SNPclip(snps, pop = "CEU", r2_threshold = "0.1", maf_threshold = "0.01", token = NULL, file = FALSE)
Prune a list of variants by linkage disequilibrium. Input is a list of variant RS numbers (one per line) and a population group.
snps
, a list of between 1 - 5,000 variants, using an RS number (rsID) or chromosome coordinate (GRCh37) (e.g. “chr7:24966446”). All input variants must be on the same chromosome and match a bi-allelic variant.pop
, a 1000 Genomes Project reference population, uses three letter population code, (e.g. YRI or CEU), multiple allowed, default = “CEU”r2_threshold
, Used to set the R2 threshold for LD pruning. One of each pair of variants with a R2 greater than the threshold is removed. Value needs to be in the range 0 to 1. Default value is 0.1.maf_threshold
, Used to set minor allele frequency (MAF) threshold for LD pruning.
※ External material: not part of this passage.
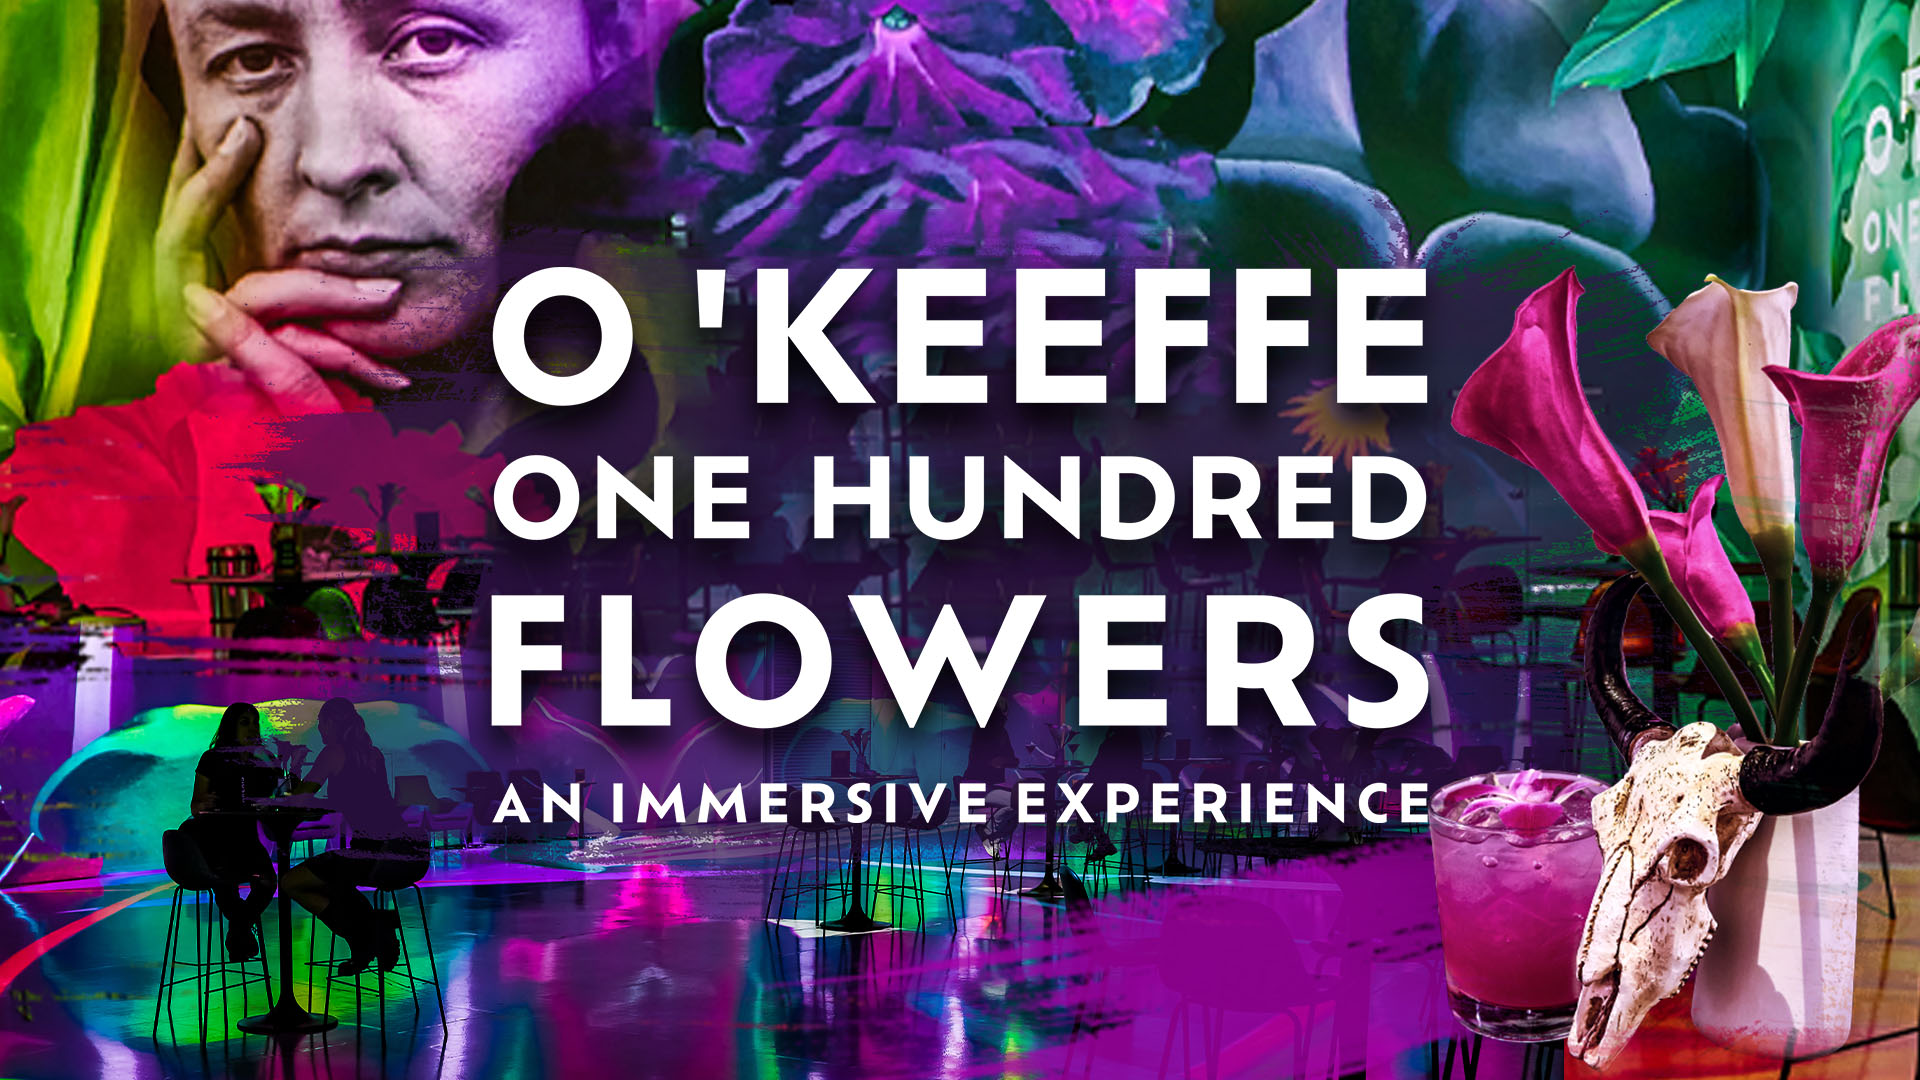 O'Keeffe One Hundred Flowers

Variants with a MAF less than or equal to the threshold are removed. Value needs to be in the range 0 to 1. Default value is 0.01.token
, LDlink provided user access token is required, default = NULL, register for a free token on the LDlink web site.file
, optional character string naming a path and file for saving results. If file = FALSE, no file will be generated, default = FALSESNPclip(snps = c("rs3", "rs4", "rs148890987", "rs115955931"),
pop = "YRI",
r2_threshold = "0.1",
maf_threshold = "0.01",
token = Sys.getenv("LDLINK_TOKEN")
)
## RS_Number Position Alleles
## 1 rs3 chr13:32446842 C=0.829, T=0.171
## 2 rs4 chr13:32447222 A=0.829, G=0.171
## 3 rs148890987 chr13:32403784 C=1.0, T=0.0
## 4 rs115955931 chr13:32130008 G=0.954, A=0.046
## Details
## 1 Variant kept.
## 2 Variant in LD with rs3 (R2=1.0), variant removed.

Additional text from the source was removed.